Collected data
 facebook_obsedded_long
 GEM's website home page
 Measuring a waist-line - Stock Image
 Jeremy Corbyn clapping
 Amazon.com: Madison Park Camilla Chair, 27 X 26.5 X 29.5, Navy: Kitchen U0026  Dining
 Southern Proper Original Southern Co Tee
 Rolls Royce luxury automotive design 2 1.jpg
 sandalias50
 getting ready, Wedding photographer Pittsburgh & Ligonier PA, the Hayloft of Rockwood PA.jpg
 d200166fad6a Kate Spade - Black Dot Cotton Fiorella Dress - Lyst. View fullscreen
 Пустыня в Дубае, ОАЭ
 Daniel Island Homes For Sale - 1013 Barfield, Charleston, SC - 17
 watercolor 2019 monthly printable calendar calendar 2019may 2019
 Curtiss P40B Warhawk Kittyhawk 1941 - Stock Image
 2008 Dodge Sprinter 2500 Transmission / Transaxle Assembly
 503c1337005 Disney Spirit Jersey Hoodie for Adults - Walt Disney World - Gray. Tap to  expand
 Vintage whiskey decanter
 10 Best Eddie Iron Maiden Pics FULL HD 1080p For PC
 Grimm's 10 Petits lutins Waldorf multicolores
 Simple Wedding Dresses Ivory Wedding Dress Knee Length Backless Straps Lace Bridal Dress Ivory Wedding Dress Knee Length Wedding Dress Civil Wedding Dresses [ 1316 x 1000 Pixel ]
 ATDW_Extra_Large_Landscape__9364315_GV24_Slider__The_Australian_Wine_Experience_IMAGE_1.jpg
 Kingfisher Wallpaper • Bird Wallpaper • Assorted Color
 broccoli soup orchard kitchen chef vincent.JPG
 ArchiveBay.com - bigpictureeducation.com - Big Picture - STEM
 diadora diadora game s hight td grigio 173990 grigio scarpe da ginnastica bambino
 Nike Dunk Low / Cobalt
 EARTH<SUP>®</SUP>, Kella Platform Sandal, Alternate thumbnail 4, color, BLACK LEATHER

## Required work
With the line containing "Vintage whiskey decanter" as the first and the last line above as the final one, copy those lines exactly and no others.

## Exercise output
 Vintage whiskey decanter
 10 Best Eddie Iron Maiden Pics FULL HD 1080p For PC
 Grimm's 10 Petits lutins Waldorf multicolores
 Simple Wedding Dresses Ivory Wedding Dress Knee Length Backless Straps Lace Bridal Dress Ivory Wedding Dress Knee Length Wedding Dress Civil Wedding Dresses [ 1316 x 1000 Pixel ]
 ATDW_Extra_Large_Landscape__9364315_GV24_Slider__The_Australian_Wine_Experience_IMAGE_1.jpg
 Kingfisher Wallpaper • Bird Wallpaper • Assorted Color
 broccoli soup orchard kitchen chef vincent.JPG
 ArchiveBay.com - bigpictureeducation.com - Big Picture - STEM
 diadora diadora game s hight td grigio 173990 grigio scarpe da ginnastica bambino
 Nike Dunk Low / Cobalt
 EARTH<SUP>®</SUP>, Kella Platform Sandal, Alternate thumbnail 4, color, BLACK LEATHER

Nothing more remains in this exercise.